“A” LIKE IN MATH • by Linda Nguyen

Any dad would be proud when their kid brought home a report card covered in mostly A’s, but not my dad. I was watching a 5 o’clock show when I saw my dad outside through the living room windows, coming up the concrete stairs and unlocking the front door. He was sporting a new cap, a black one with writing on it.

I pulled out my last high school report card from my knapsack. Sure, it was another pretty one, stamped with an honour roll banner. That stamp meant that Dad would give me fifty bucks. High school was ending on a good note.

Dad went into the bathroom to clean up. I waited one step away from the door. His new cap was hung on a hook in the hall, on top of his lanyard with his employee pass dangling from it. Dad worked for a company in Montreal. The cap read:

C.A.S.T.: Canadian Aerospace Systems and Technologies
15 years

Dad came out of the bathroom. His face, hairline and hands dampened by exhaustion.

“Here,” I said, handing over my report card with a shy smile.

“A gift for me?” He opened the document and seemed to be reading it line by line, from top to bottom. I had all A’s. And… two B’s.

“What are these B’s doing here?” he asked.

Asians must get A’s. Yeah yeah, I knew the joke.

“Math-related courses are hard. But I made the honour roll again,” I said.

“Do you need tutoring?”

“No.”

“Math is important,” he sighed. He said that often, so often that it sounded like a mantra to live by. “You need high grades in math to get anywhere in life, especially in medicine.”

“But I got A’s everywhere else,” I said.

“Math is important,” he repeated.

I rolled my eyes. I knew I couldn’t win. Regardless, I was getting my fifty bucks.

“That’s new,” I said, pointing to his cap. He glanced at it.

“It’s not something to be proud of,” he said. “I had to work for fifteen years just to get a cap.”

“It’s exactly fifteen years to this day?” I asked.

He folded my grade report and slid it on the table in the hall, under his employee pass and cap.

“Fifteen years of being discriminated against,” he said. “Fifteen years of having CJAD Radio turned off when mad Québécois pass by, just because I can’t speak French in this city. Fifteen years of being called the China Man.”

I regretted having brought it up. I sometimes forgot I belonged to a Chinese family. Sometimes. Dad picked up his lunchbox and went into the kitchen, past the cream-coloured curtains.

“Being Asian puts you at a disadvantage from the start,” he said. “Being at the same level as everybody else actually means being below them. There’s no respect there. That’s why you need to do better in school, to rise to the top. You have to rise, or be stuck at the bottom.”

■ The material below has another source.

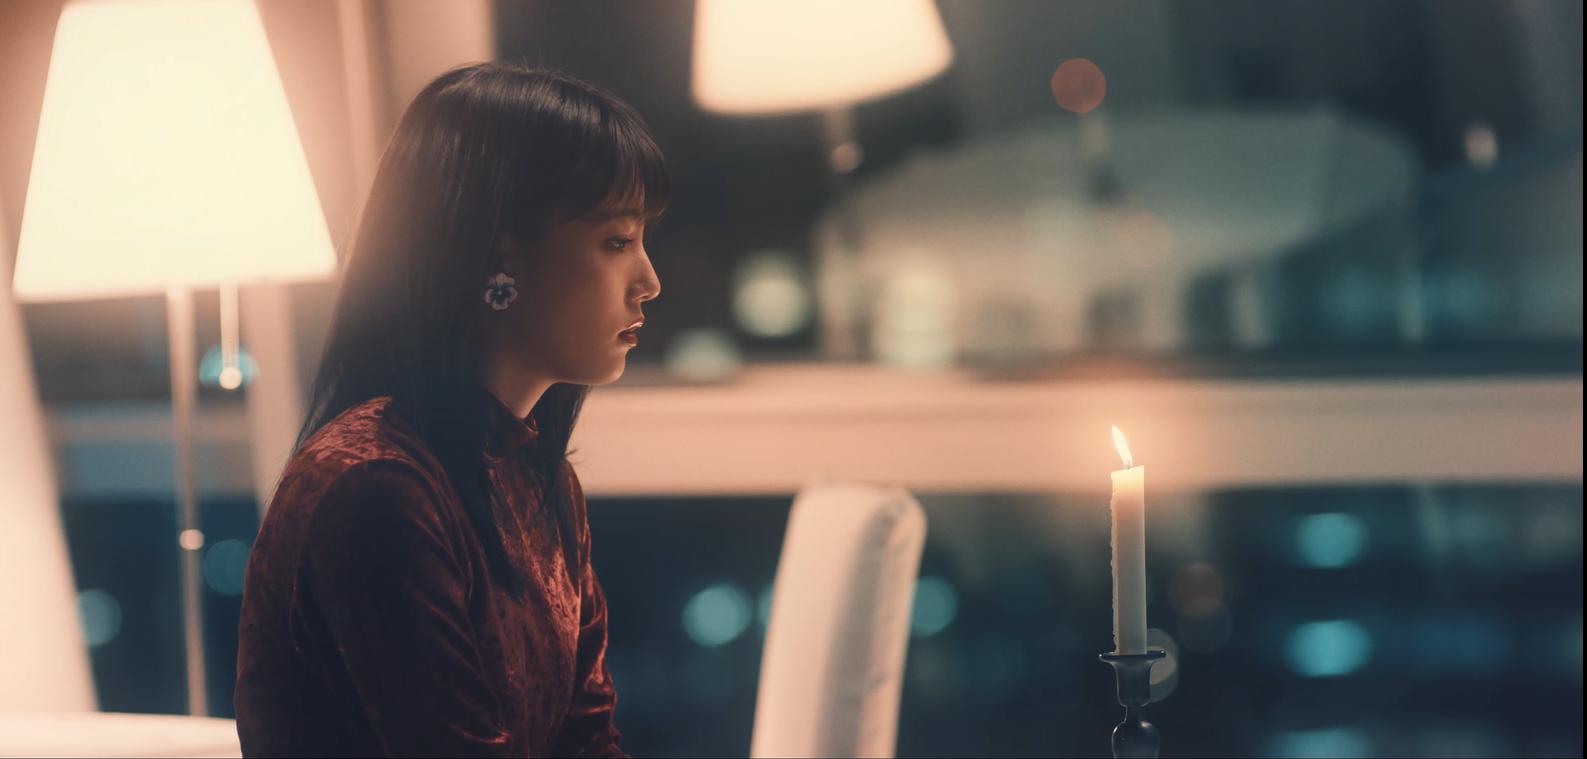 20thシングル『HAPPY BIRTHDAY』MUSIC VIDEO完成!!
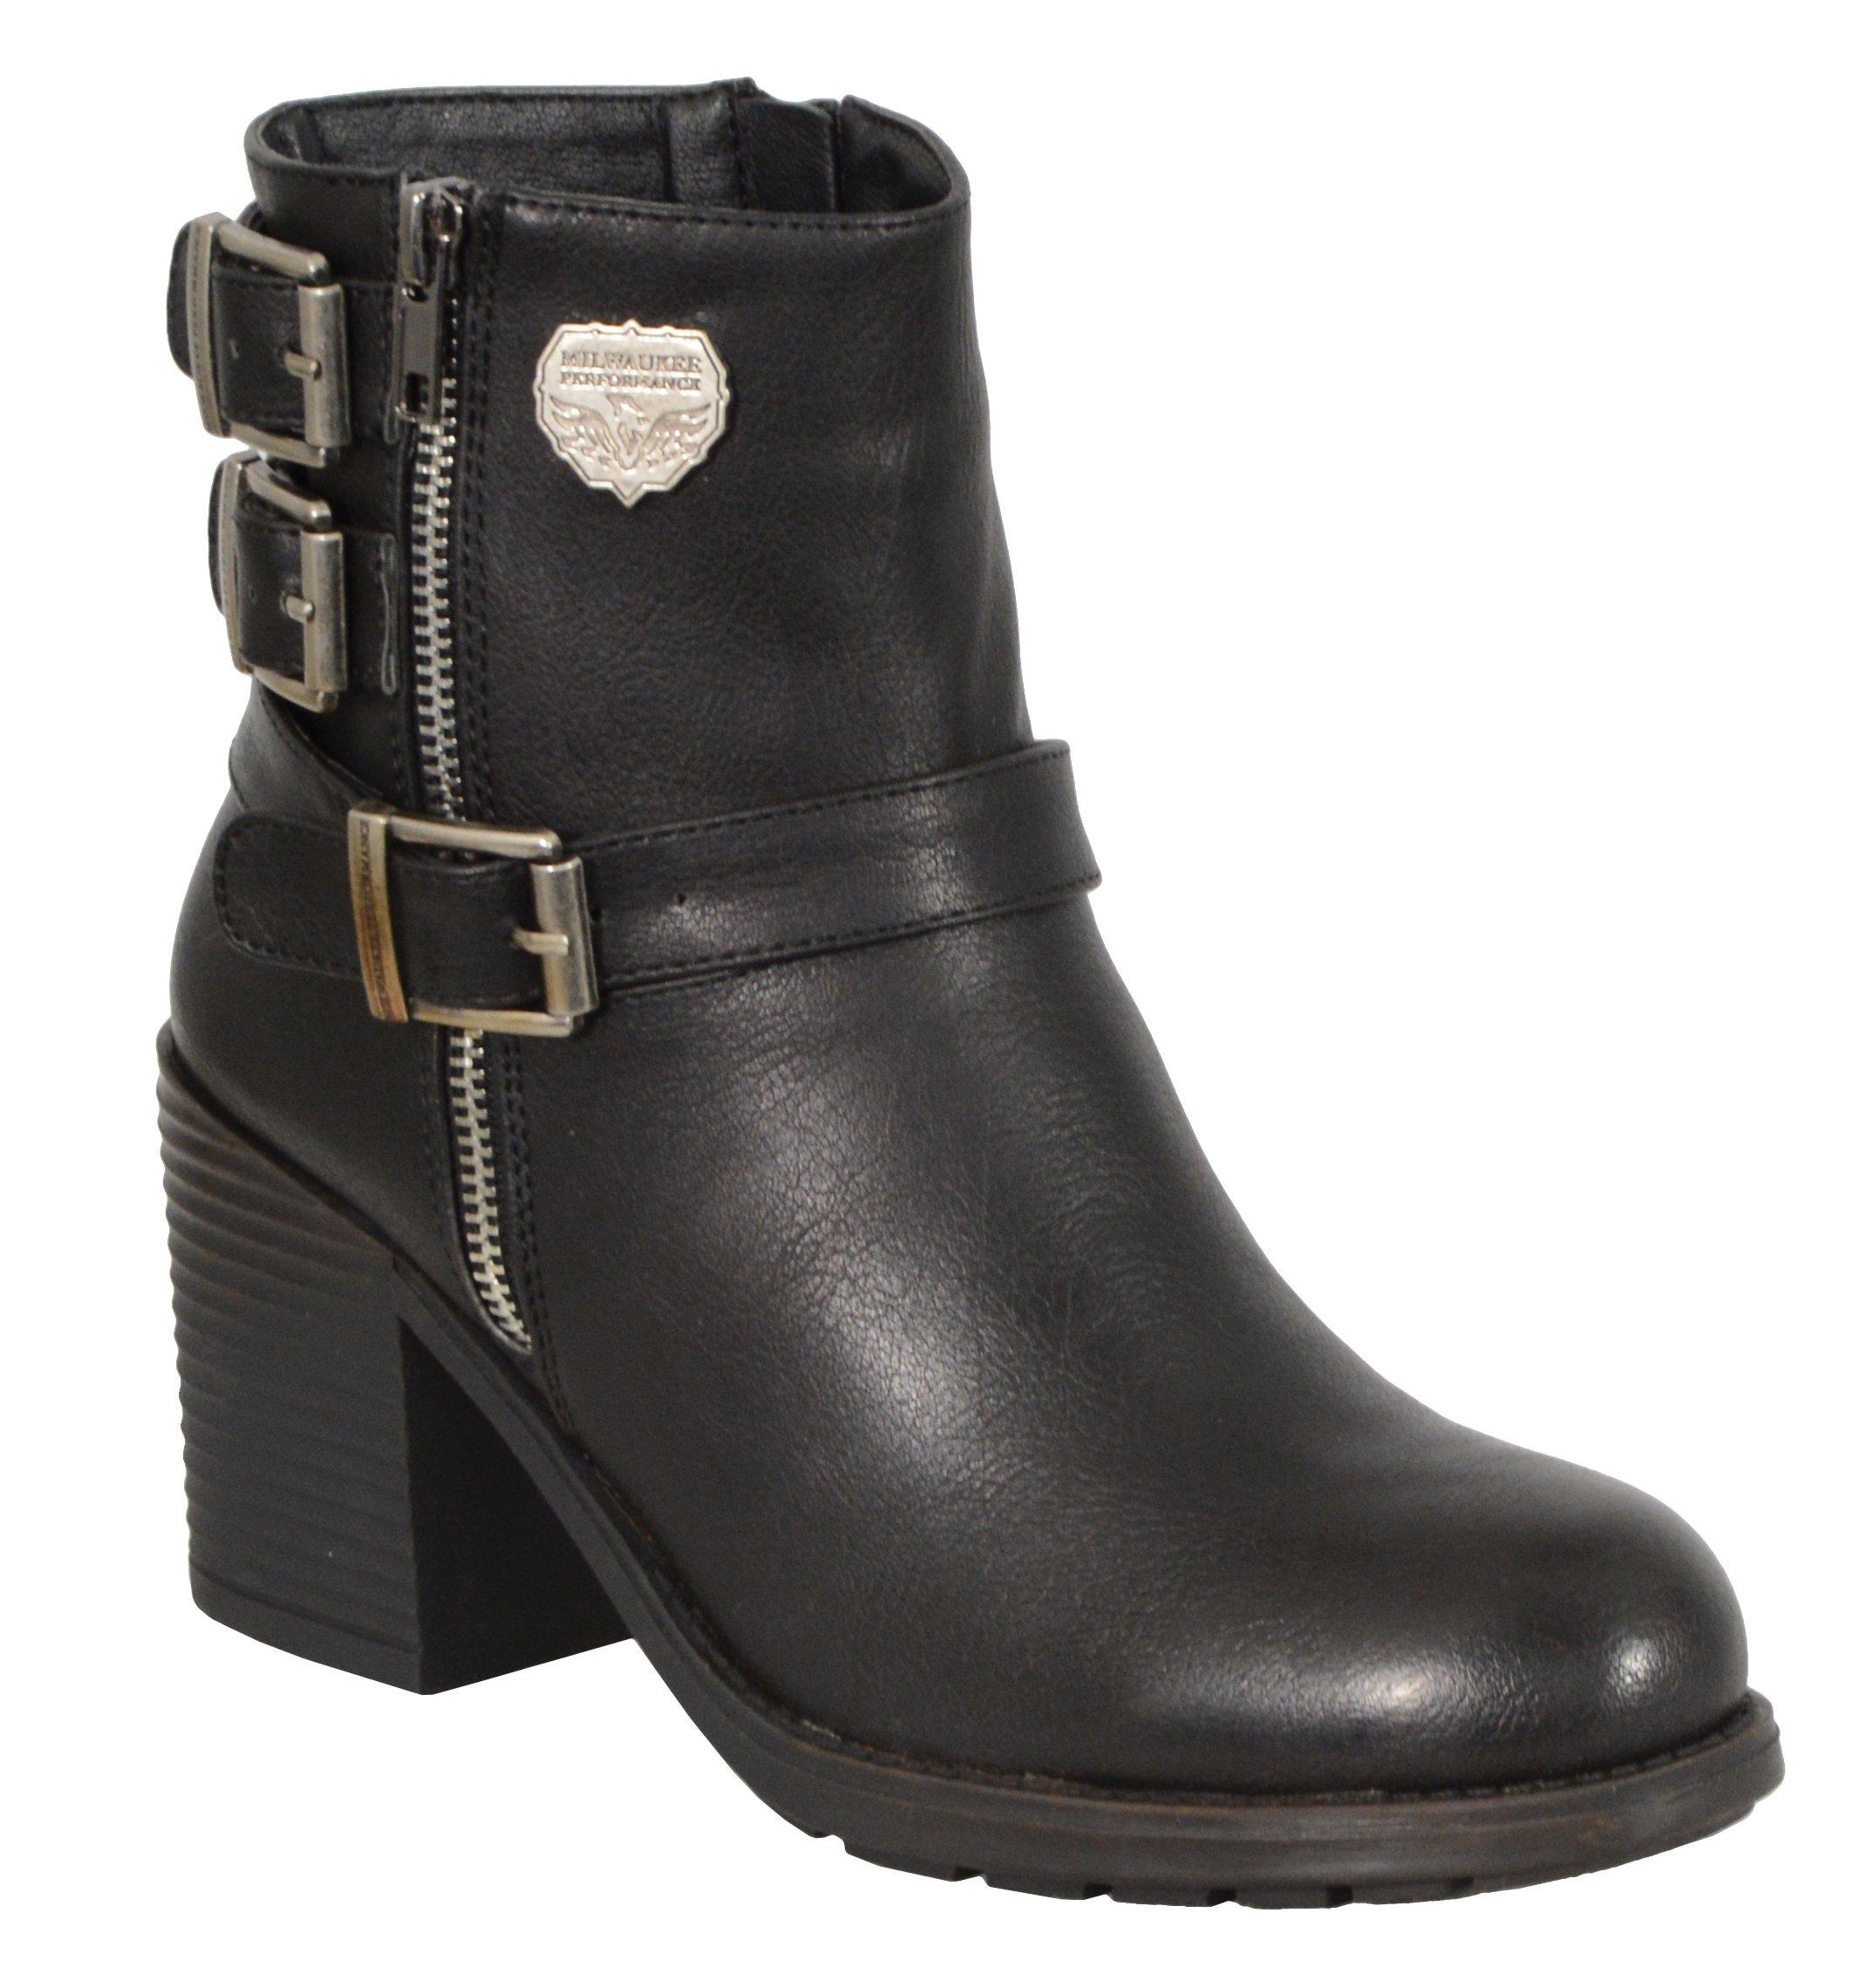 Milwaukee Performance Women's Triple Buckle Side Zip Boots with Platform Heel (Black, Size 9)

I couldn’t see him past the curtain, past his stern outlook on life. I wanted him to be wrong. I wanted to believe that my generation was tolerant and accepting, unlike what my dad thought, but who was I to know?


Linda Nguyen earned her M.A. in Creative Writing from Wilkes University and her B.A. in Psychology from McGill University. She is working on her first novel. Born in Winnipeg, she lives in Montréal where her mind wanders and her fingers type.